(1.) The question in this case is whether the complainant at the time he is said to have been wrongfully confined by the petitioners was protected from arrest by reason of Section 135, Sub-section 2, Civil P.C. It appears that the first petitioner had a civil Court decree outstanding against the complainant. On his application the Munsiff issued a warrant for the complainant's arrest and made over the warrant for execution to petitioner 2 who is a Court peon. It is a common ground that the petitioner was arrested on his way from the Munsif's Court at Tejpur to the Tejpur Local Board Office at 4 p.m. on 27 June 1931. It appears that on that day two civil suits to which the complainant was a party were on the list for hearing in the Munsiff's Court at Tejpur. The complainant had accordingly gone to the Court in connexion with the suits and had a consultation with his pleader. The 27 June was a Saturday and the latest hour at which it is suggested the Court was actually sitting was 3 p.m. It has been found as a fact that the complainant when he was arrested explained to the petitioners that he was going to the Court in connexion with two suits and that he could not be arrested on a civil Court process. Therefore no question can arise of the petitioners having no notice of the business which had taken the complainant to Court on that date.

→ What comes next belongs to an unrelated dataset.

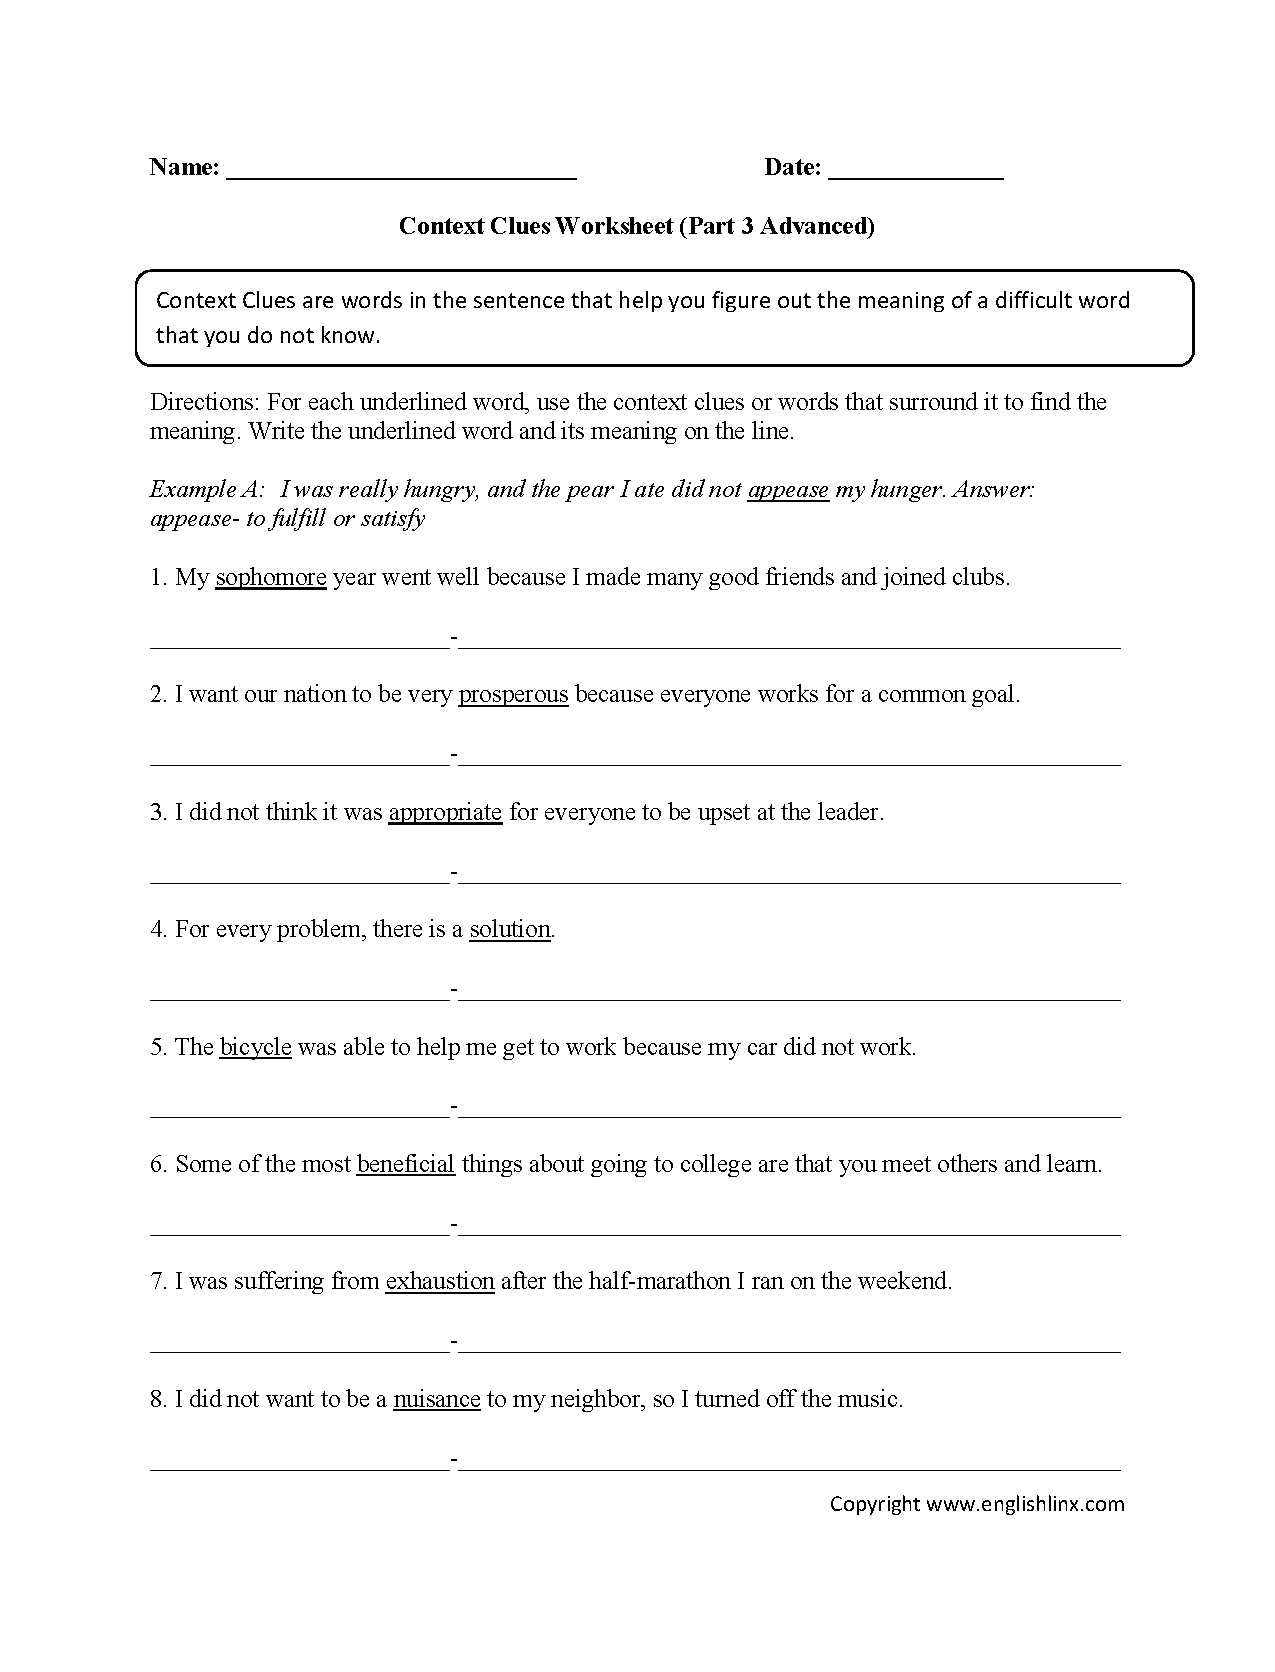 Idioms Worksheets Pdf Along with Context Clues Worksheets Advanced Part 3

(2.) Although I consider that a reasonably wide construction must be given to Section 135, Sub-section 2, Civil P.C., and that it is not the intention of the legislature that a person holding a warrant of arrest on a civil Court process should be able to pounce upon a person against whom the warrant has been issued the moment the Court, that the person has been attending, rises for the day. I do not think, however, that it clearly appears that the complainant in this case is covered by the subsection. He certainly was not going to the tribunal when he was arrested; nor can it be that he was at the time attending such a tribunal for the purpose of a matter pending before it. To my mind when he was on his way from the tribunal to the Local Board Office at least an hour after the Munsif had concluded the business of the day he could not be said attending the tribunal at all. No explanation is furnished how he occupied himself in the interval and simply from the facts that the Local Board Office is in the same compound as the Munsif's Court and he was on his way from the Munsif's Court an hour after the Munsif had risen I cannot draw the conclusion that he could at the time he described as attending the Court.
(3.) It is not said that he was returning from the tribunal and there is no evidence that the Local Board Office is on the way from the Court to his residence. As I have said I should be sorry to read Section 135 in a narrow fashion and to hold that the slightest deviation for the purpose of business or refreshment robs a party to a litigation of the protection which Sub- section 2 gives him. The facts here seem to me to be too meagre to admit of my holding that there is evidence on which it can be safely said that the complainant when he was arrested was attending the Munsif's Court for the purpose of a litigation to which he was a party.